++++ Provided data
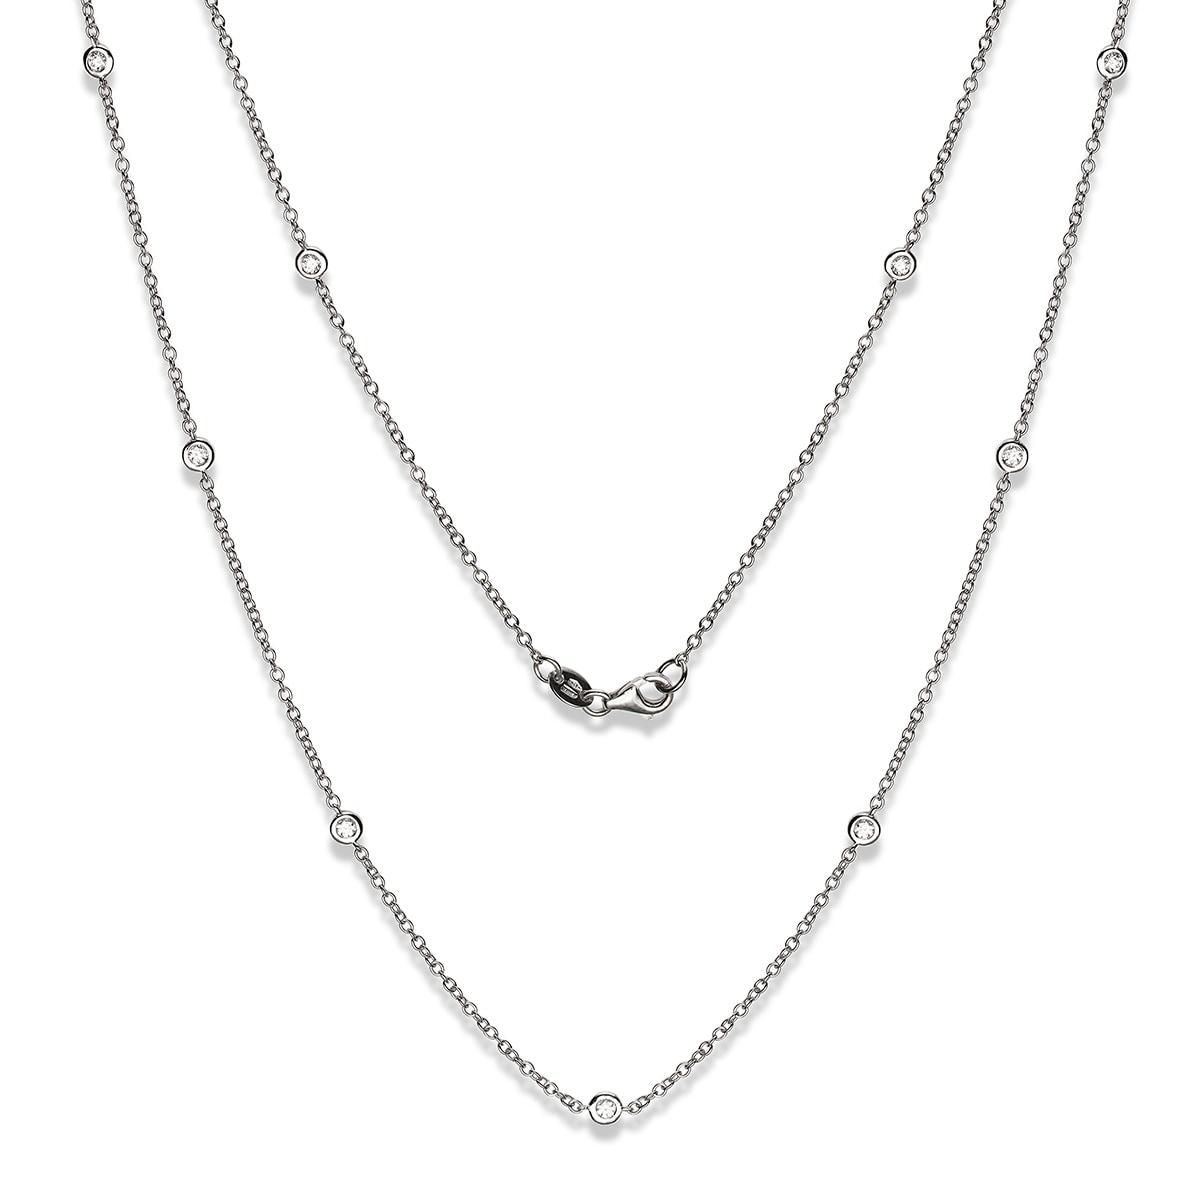 Sandin_Selected_IL_Zefiro_VG_190703_0251_v2_diamanthalsband_hos_Jarl_Sandin
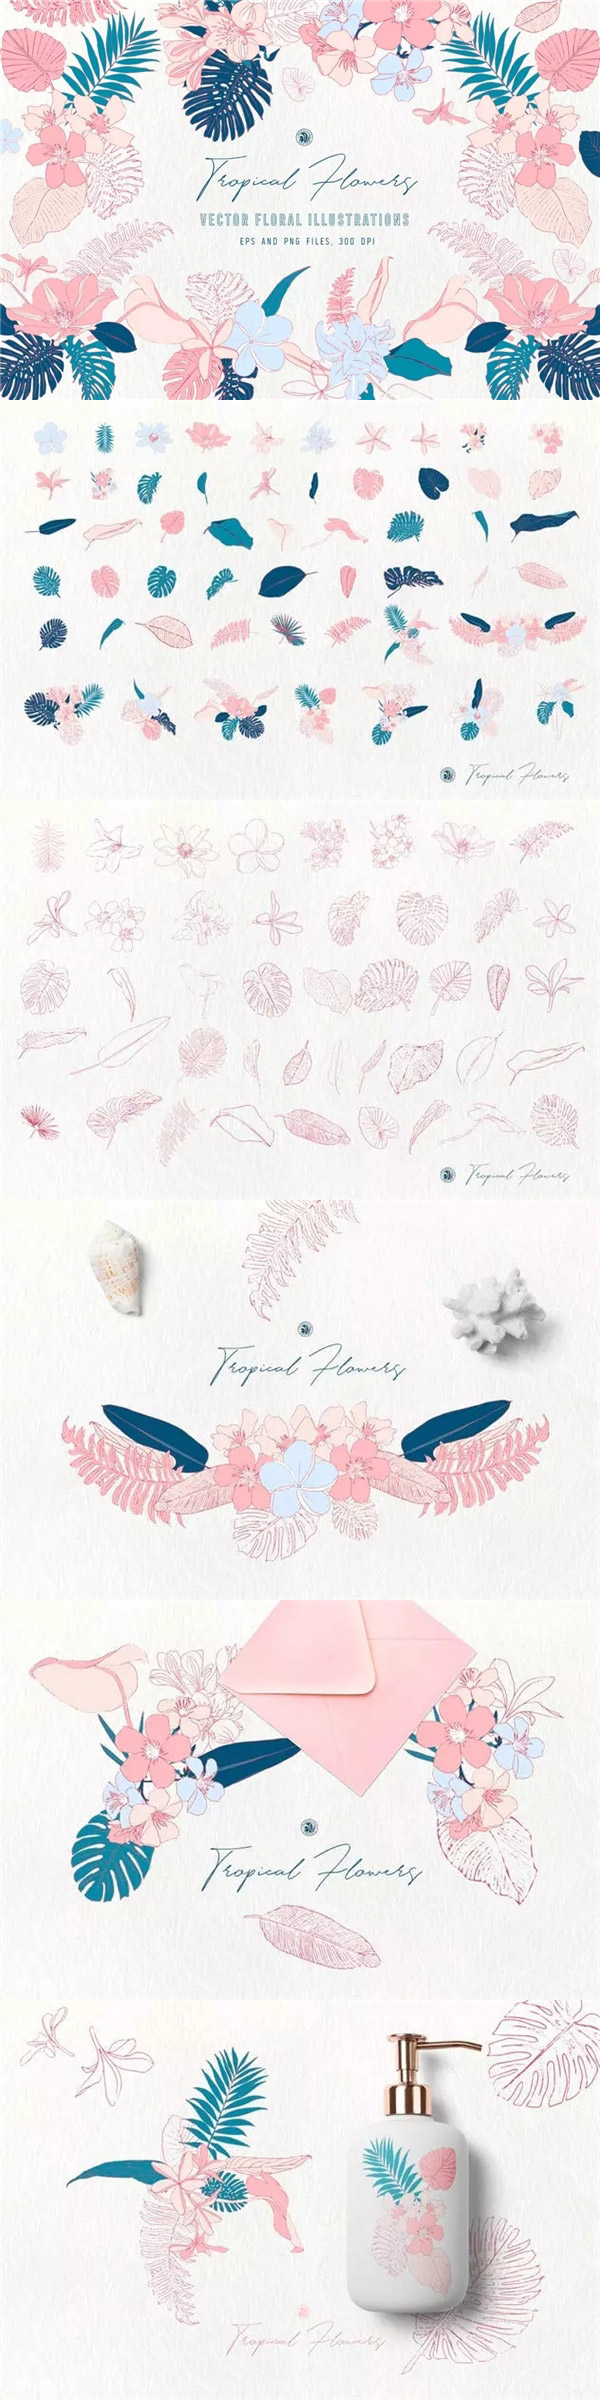 水彩手绘热带花卉
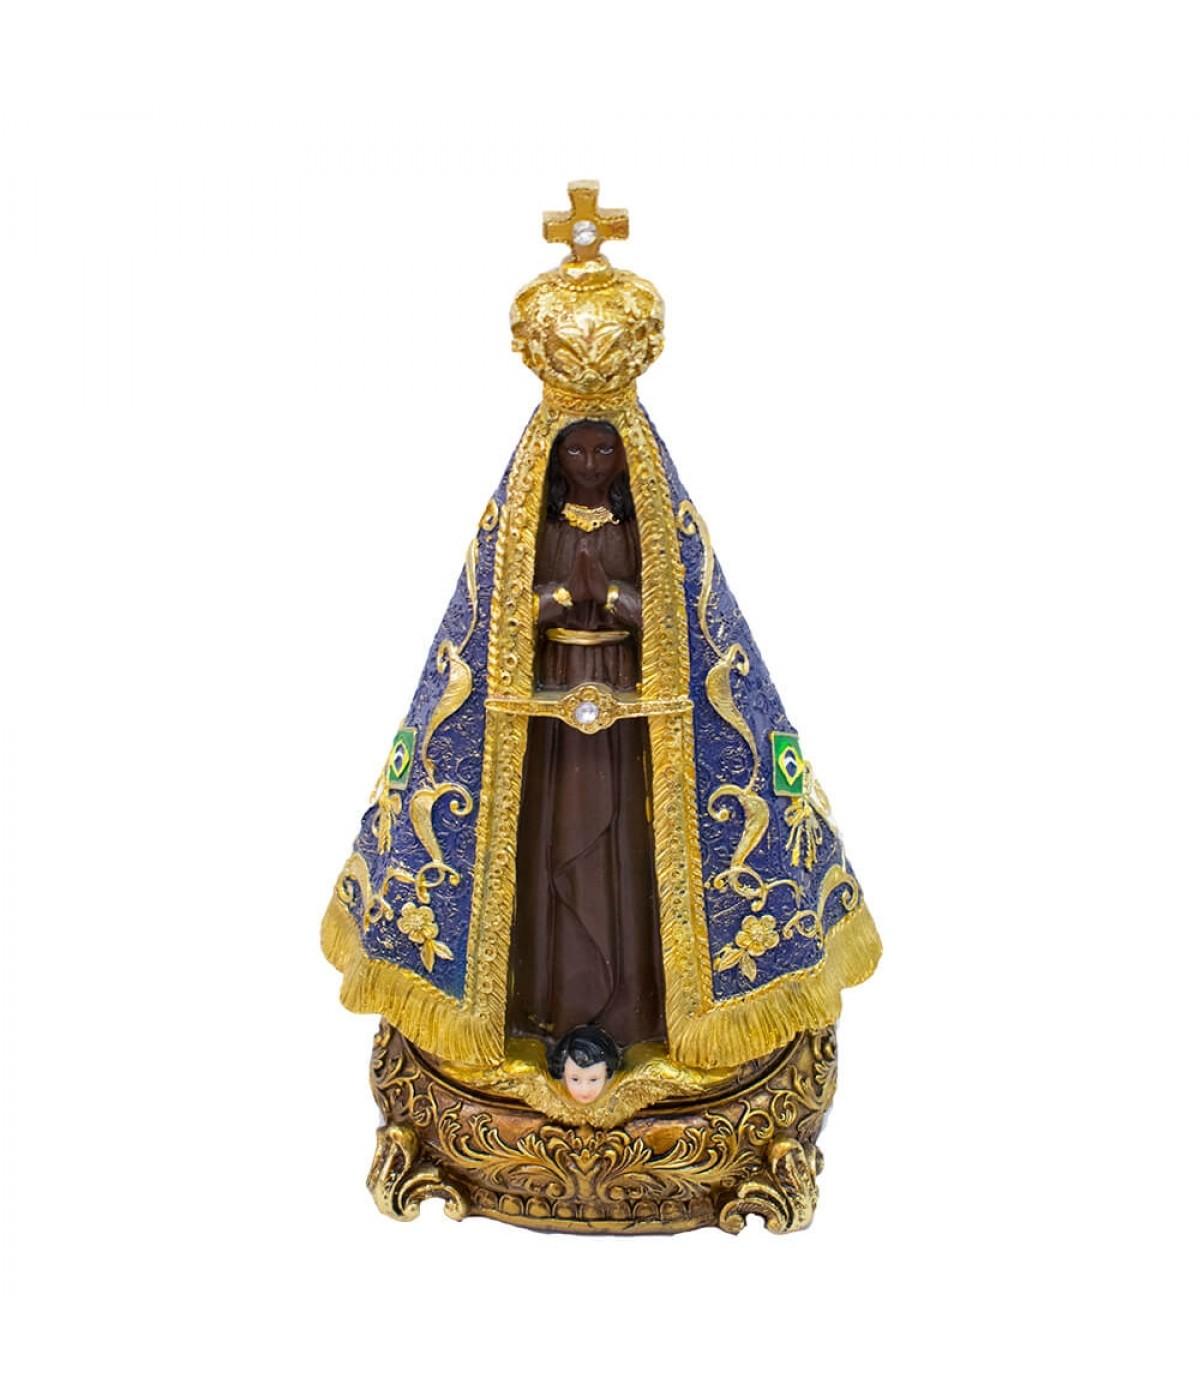 Nossa Senhora Aparecida 32cm - Enfeite Resina
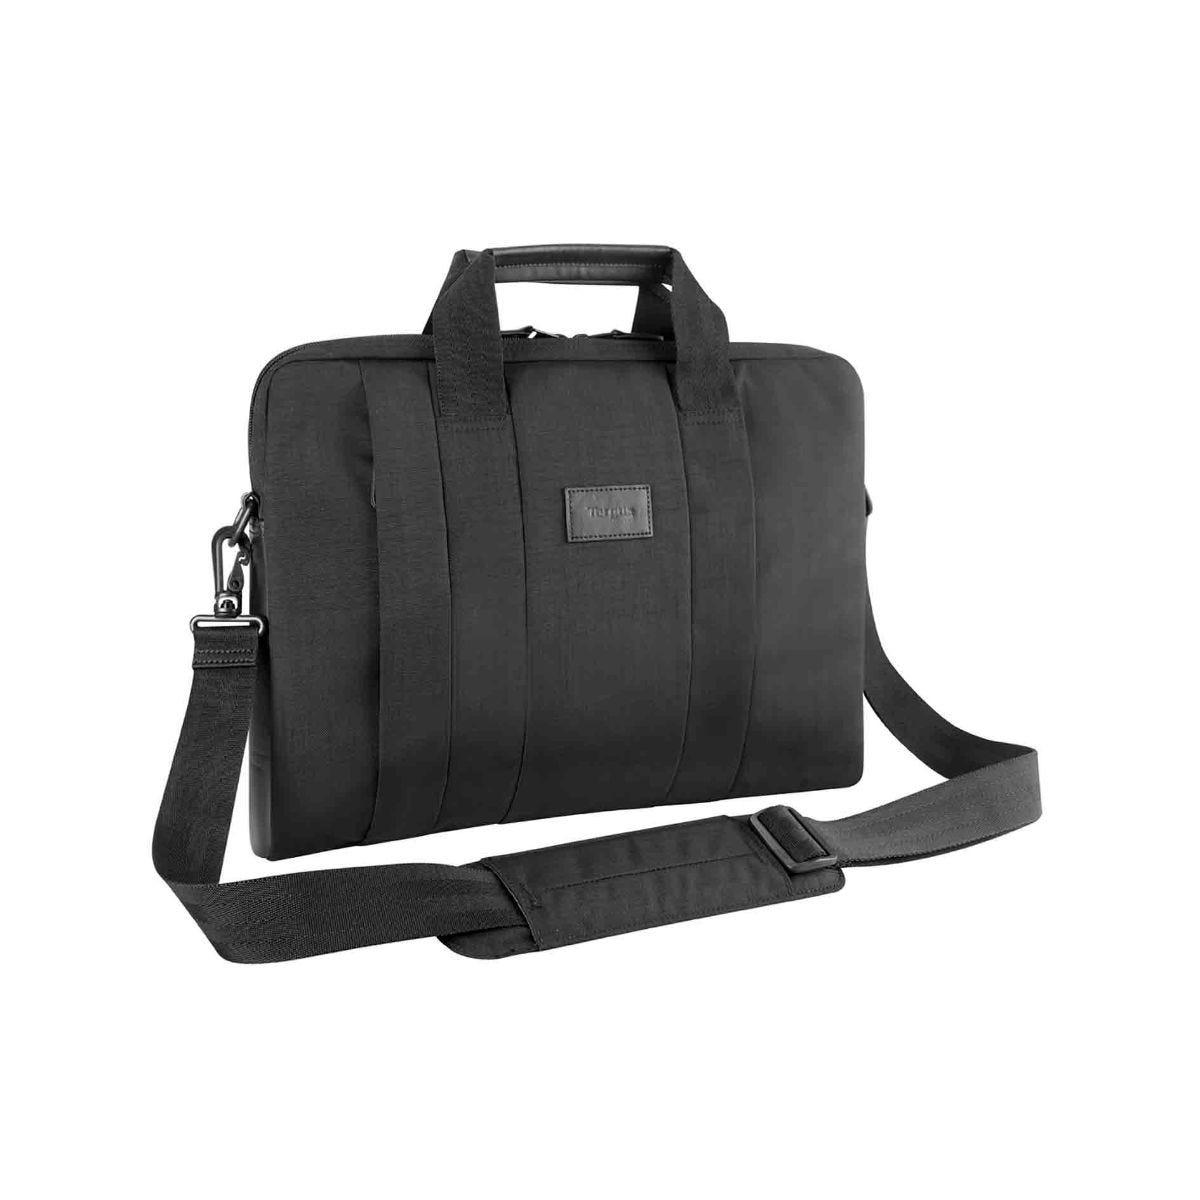 Image of Targus CitySmart Laptop Slipcase 16 Inch Black, Black
++++++++
- [Directions]
Reproduce the listing verbatim, and keep the pictures out of the copy.

- [Exercise result]
 Sandin_Selected_IL_Zefiro_VG_190703_0251_v2_diamanthalsband_hos_Jarl_Sandin
 水彩手绘热带花卉
 Nossa Senhora Aparecida 32cm - Enfeite Resina
 Image of Targus CitySmart Laptop Slipcase 16 Inch Black, Black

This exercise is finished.